You are viewing a plain text version of this content. The canonical link for it is here.
Posted to commits@ozone.apache.org by so...@apache.org on 2022/03/16 16:02:40 UTC

[ozone] branch HDDS-3816-ec updated: HDDS-6445. EC: Fix allocateBlock failure due to inaccurate excludedNodes check. (#3190)

This is an automated email from the ASF dual-hosted git repository.

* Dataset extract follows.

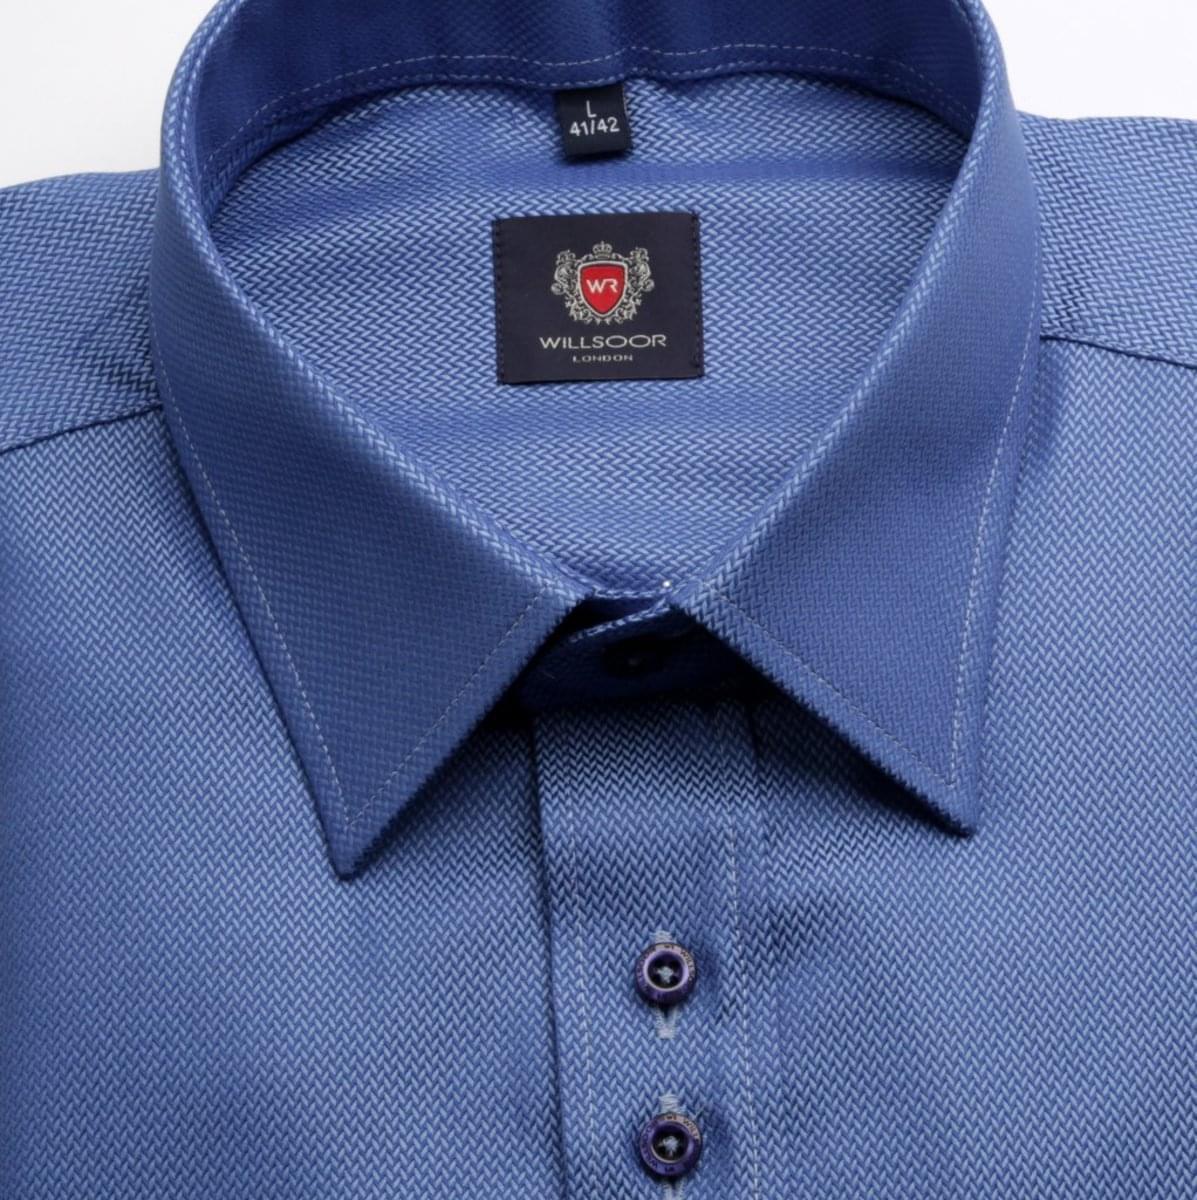 Košile WR London (výška176-182)3986 176-182 / XL (43/44)

sodonnell pushed a commit to branch HDDS-3816-ec
in repository https://gitbox.apache.org/repos/asf/ozone.git


The following commit(s) were added to refs/heads/HDDS-3816-ec by this push:
     new 03ff3f9  HDDS-6445. EC: Fix allocateBlock failure due to inaccurate excludedNodes check. (#3190)
03ff3f9 is described below

commit 03ff3f959262f32aa334f84dfca6a6493550fb74
Author: Gui Hecheng <ma...@tencent.com>
AuthorDate: Wed Mar 16 23:57:54 2022 +0800

    HDDS-6445. EC: Fix allocateBlock failure due to inaccurate excludedNodes check. (#3190)
---
 .../SCMContainerPlacementRackScatter.java          | 13 +++++++----
 .../TestSCMContainerPlacementRackScatter.java      | 25 ++++++++++++++++++++++
 2 files changed, 34 insertions(+), 4 deletions(-)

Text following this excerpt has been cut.